Police want to speak to Anne Sacoolas, whose husband worked for the CIA at the RAF Croughton airbase in Northamptonshire, after 19-year-old motorcyclist Harry Dunn was killed by a car owned by her and reported to have been driving on the wrong side of the road, in August last year.
RAF Croughton is used as a US communications facility, and the US government has previously argued that the treaty relating to the base gives diplomatic immunity to all family and staff associated with it.
Two weeks after the incident Sacoolas was allowed to leave the country, with the knowledge of the British Foreign Office, and an attempt to extradite her failed with the US State Department saying: “At the time the accident occurred, and for the duration of her stay in the UK, the US citizen driver in this case had immunity from criminal jurisdiction.
“If the United States were to grant the UK’s extradition request, it would render the invocation of diplomatic immunity a practical nullity and would set an extraordinarily troubling precedent.”
The victim’s parents even visited the White House to plead with US President Donald Trump, who instead suggested compensation and the possibility of them meeting Sacoolas.
But following confirmation by Northamptonshire police that the international notice had been issued, Dunn family lawyer Radd Seiger said things had changed significantly.

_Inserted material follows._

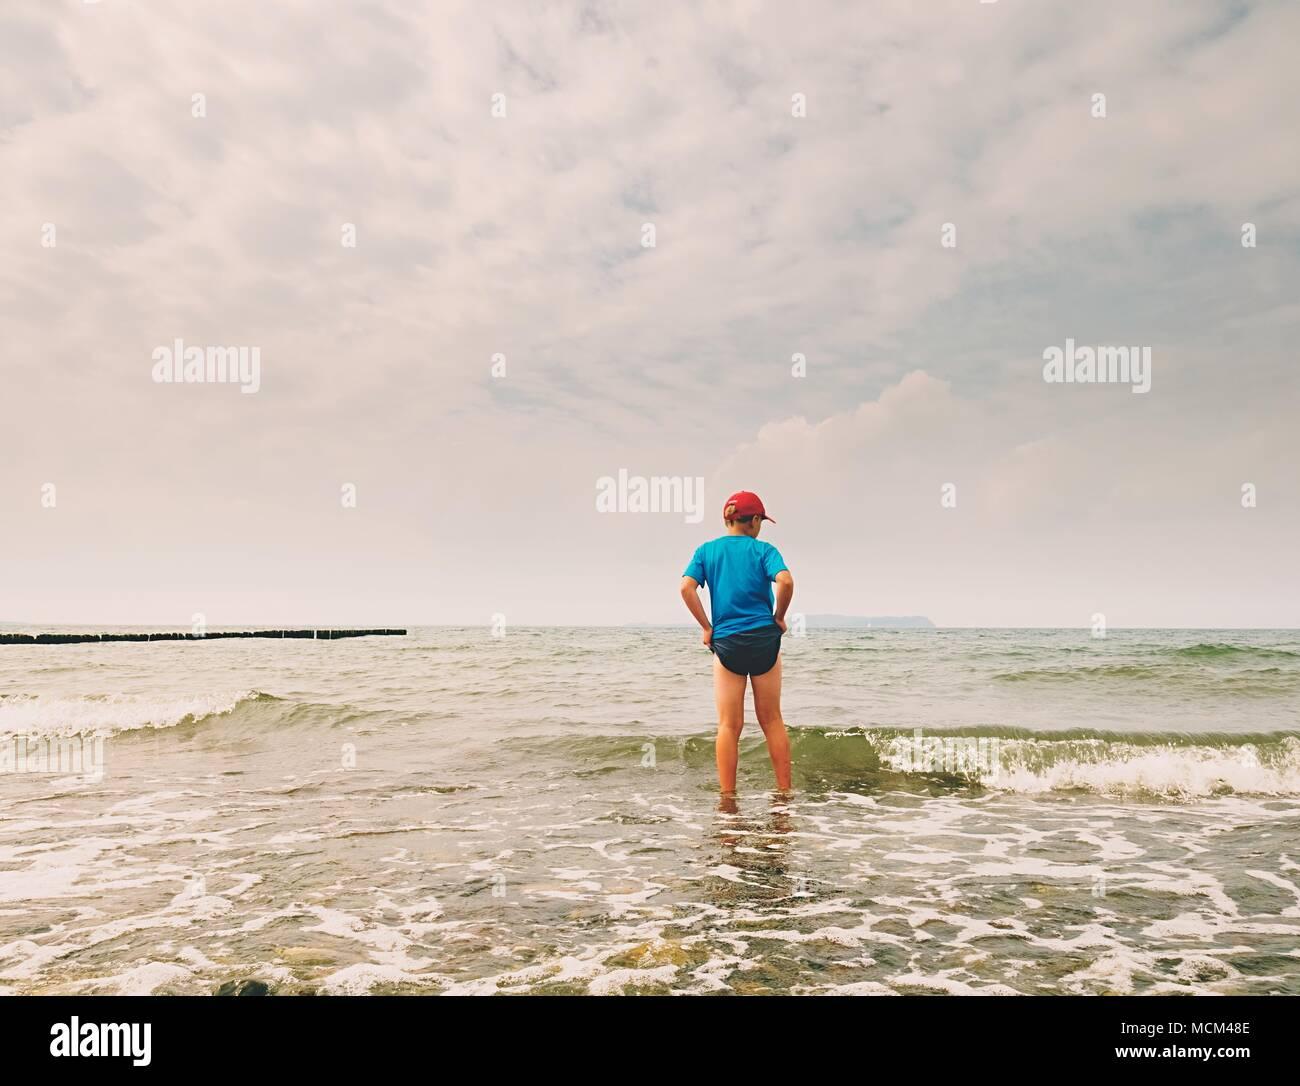 Crianças na praia ir para o oceano. O miúdo jogar nas ondas do mar espumoso. Imagens de Stock
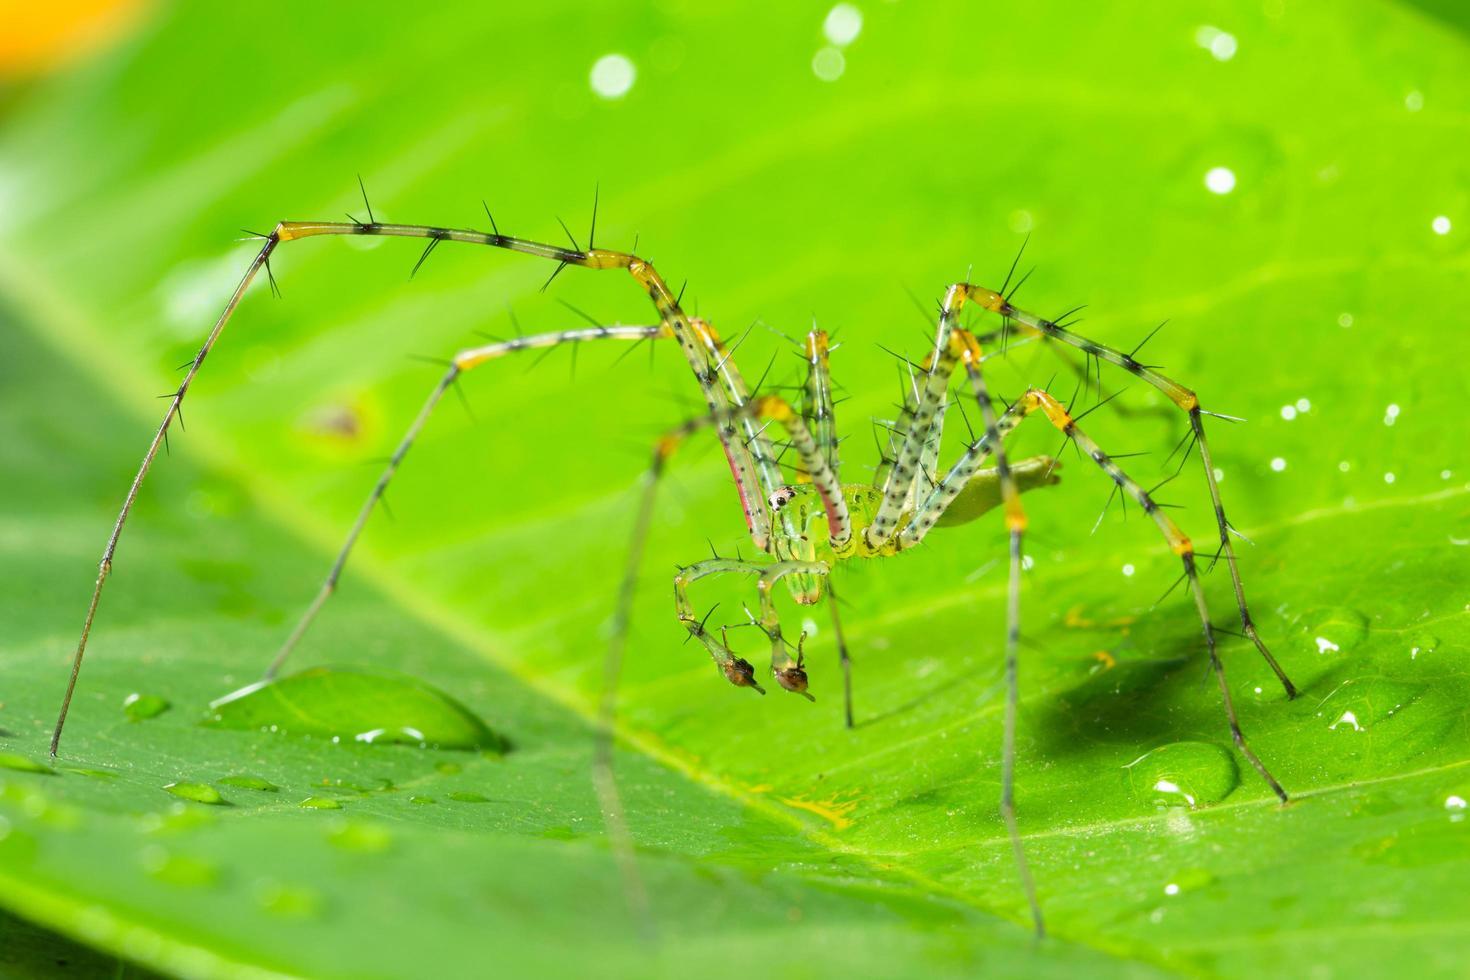 grüne Spinne auf einem Blatt foto

“Red notices would not be served on valid diplomats,” he said. “It means she would be arrested if she sought to leave the United States.”
“Be in no doubt, this means she is coming back,” he told Sky News. “The relevance of this is she is now a fugitive on the run. She can never set foot outside the United States again without being arrested.”
Dunn’s mother Charlotte Charles called the news “a big step in the right direction”.
“We still feel we’ve got a way to go, but Anne Sacoolas needs to realise that she needs to come back now. It’s time,” she added.
“She should never have gone back in the first place to the USA and she needs to come back and give us an opportunity to start to rebuild our lives.”
An international wanted person’s notice is significant, but it does not carry the same weight as an arrest warrant, as Interpol cannot compel national law agencies to follow it through, with each country having to decide what legal authority it carries. Last year, almost 14,000 red notices were issued worldwide.